Another large project completed in 2011, Germany’s Waldpolenz –- about 20 km east of Leipzig on the site of a former Soviet East German air base –- has peak capacity of 52 MW, annual generation of 52 GWh ( 5.94 MW), total panel area of about 110 ha and the total site of 220 ha (Juwi Solar 2008). These specifications yield power density of 5.4 W/m2 for the module field and 2.7 W/m2 for the entire plant area, and annual capacity factor of just 11.4%. Ukraine’s Perovo (located in the western part of sunny Crimean peninsula), has peak power of 100 MW, it generates 132.5 GWh (averaging 15.1 MW) from 200 ha of panels (Clean Energy 2013a), resulting in power density of about 7.6 W/m2 and capacity factor of 15%. Agua Caliente, in 2013 the largest project in North America on 960 ha in Arizona, has one of the world’s highest average annual irradiation rates (2.45 MWh/m2), 290 MWp capacity and it generates 626.2 GWh/year (Clean Energy 2013a). This yields a high capacity factor (24.6%) and power density of 7.45 W/m2. Copper Mountain Solar I (Boulder City, Nevada, 58 MWp, 124 GWh/year, 180 ha) has a nearly identical load factor and a slightly higher power density of 7.86 W/m2.

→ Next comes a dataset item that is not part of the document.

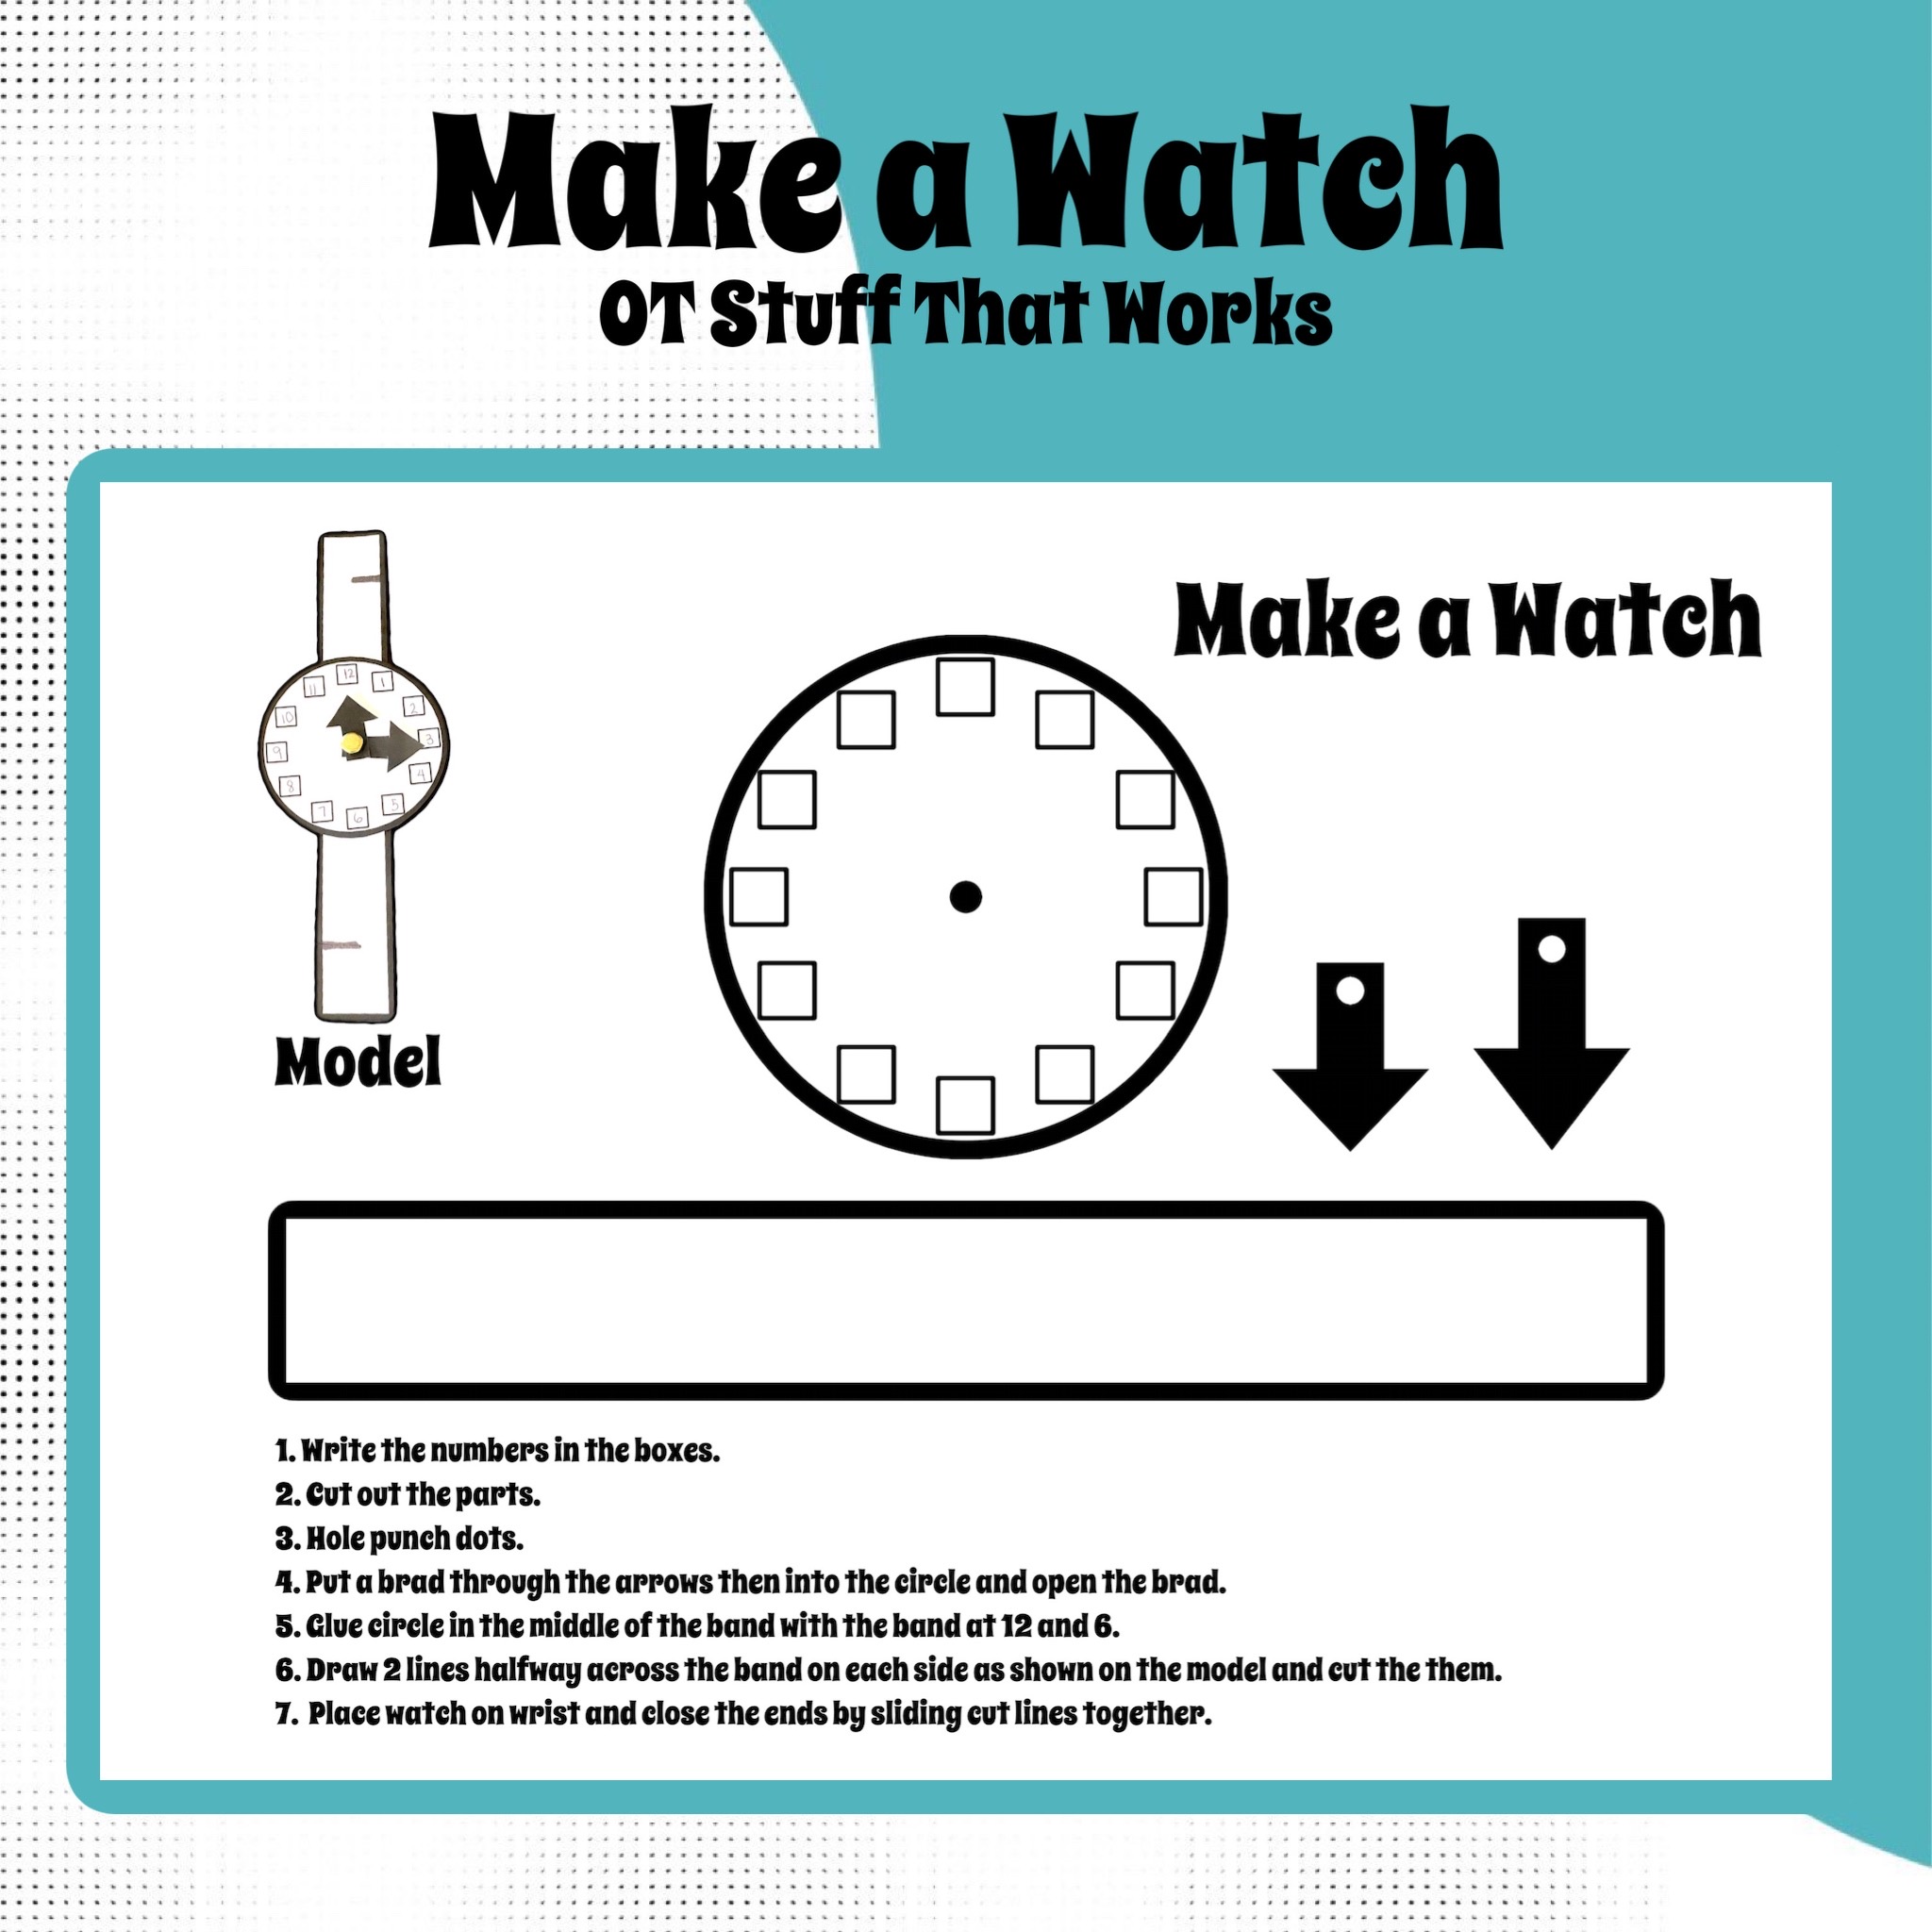 Make a Watch

Consequently, the largest PV projects now operate with power densities of roughly 3-8 We/m2. Because smaller projects use similar or identical PV cells it is not at all surprising that their power density range is pretty much the same. McKay’s (2013) listing of such projects in Italy (with installed capacities between 1 and 10 MW and load factor about 16%) shows the range of 4-9 W/m2, for Spain (projects rated at 7-23 MW with load factors between 16-23%) it is 4-11 W/m2, for the UK (projects averaging about 5 MW with average load factor of about 11%) it is just between 4-5 W/m2 and for the ground-based US installations the range is from just 3.8 W/m2 for a two-axis 2.1-MW tracker in Vermont to 11.43 W/m2 for a fixed 250-kW installation in Florida. In order to minimize their capital costs, most of the large PV projects use relatively inefficient less costly thin-film Cd-Te cells.